= A Droga da Obediência =

Novel by Brazilian writer Pedro Bandeira

A Droga da Obediência (The Drug of Obedience) is the first book in a young adult fiction series by Brazilian writer Pedro Bandeira. It was originally published in 1984 by Editora Moderna. It features a group of teens who call themselves Os Karas (intentional misspelling of "Caras", that could be translated as "The Guys"). The series includes five more books: Pântano de Sangue, Anjo da Morte, A Droga do Amor, Droga de Americana!, and A Droga da Amizade.

==Synopsis==
Miguel is the leader of the Os Karas group of friends, who get together to investigate and resolve mysterious events. The other members are Crânio, Magrí, Calu, and Chumbinho.

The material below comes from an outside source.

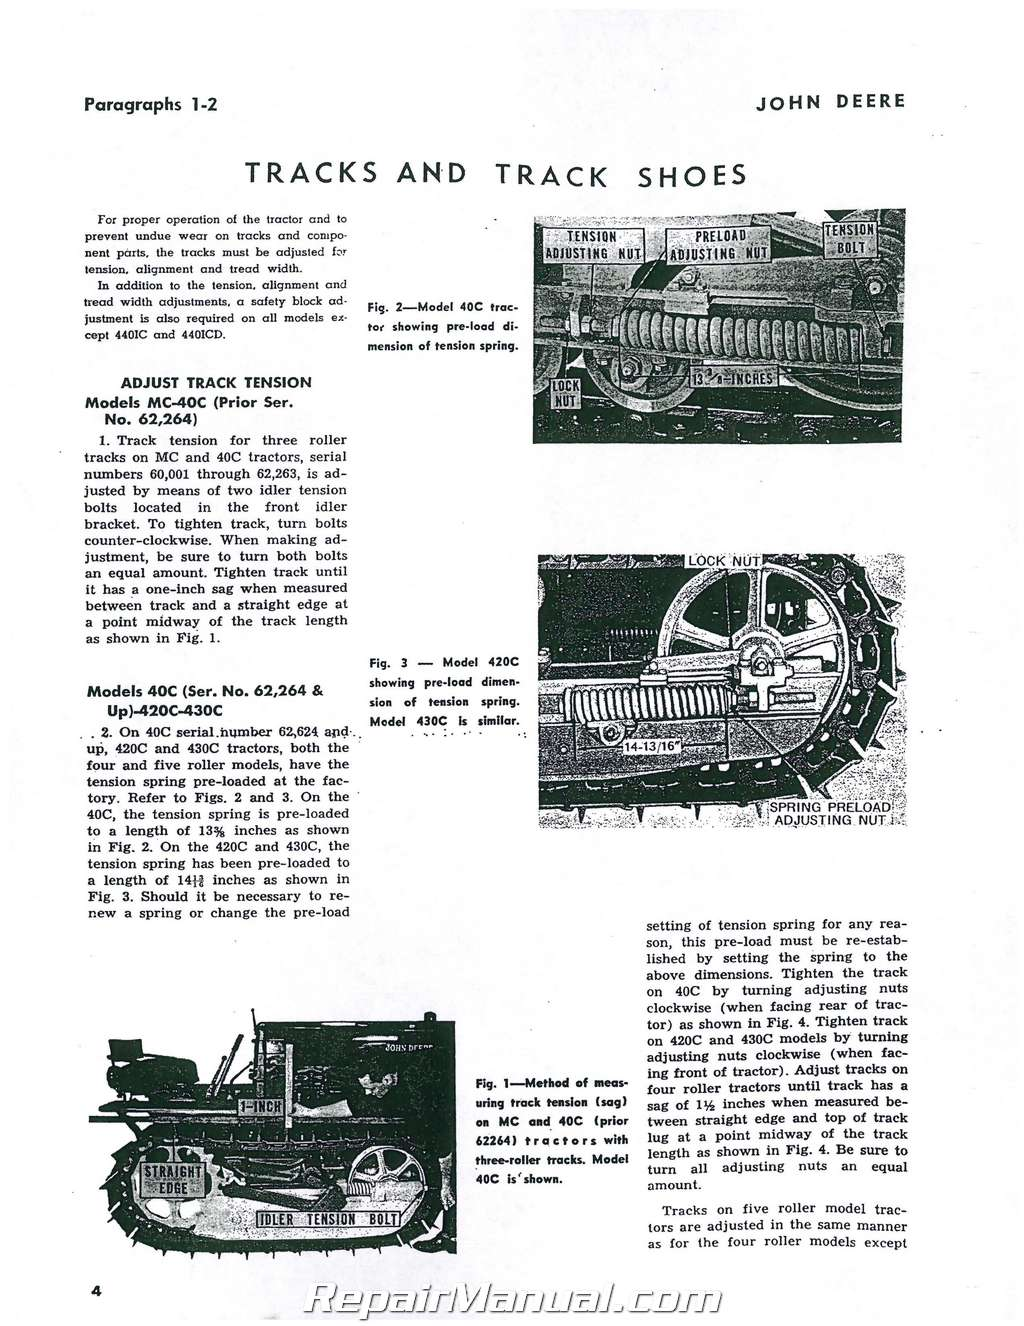 john deere mc 40c 420c 430c 4401c 4401cd crawler service manual rh repairmanual com John Deere 420 John Deere 430C

The group has a secret meeting place (under a trapdoor inside a closet of cleaning supplies) where they gather to talk about what could have caused twenty-seven students from several nearby schools to vanish.

==Main characters==

- Miguel - He has no nickname. It was his idea to create this secret group. He is the president of the Student Union. He leads the group and plans the actions to be taken by the Os Karas.
- Chumbinho - He loves video games and computers. With his intelligence and bravery, he smells new adventures from afar. This quality was precisely what made Chumbinho discover the secret group at their high school.
- Magrí - The star athlete at their high school, with Olympic medal potential. She is delicate and gentle. If necessary to save one of her friends or if there is a new adventure, Magrí shows a strong and brave side, ready to act and take risks.
- Calú - An actor who is extremely extroverted and playful. He is always in a good mood and encourages the Os Karas during their adventures. He is the most handsome boy at their school, and has a crush on Magrí.
- Crânio - He is the smart one. He is quiet and thoughtful, a chess champion who gets the best grades in school. He drops everything to gets involved in their adventures. His skills are especially useful during Maximum Emergency situations. He too has a crush on Magrí.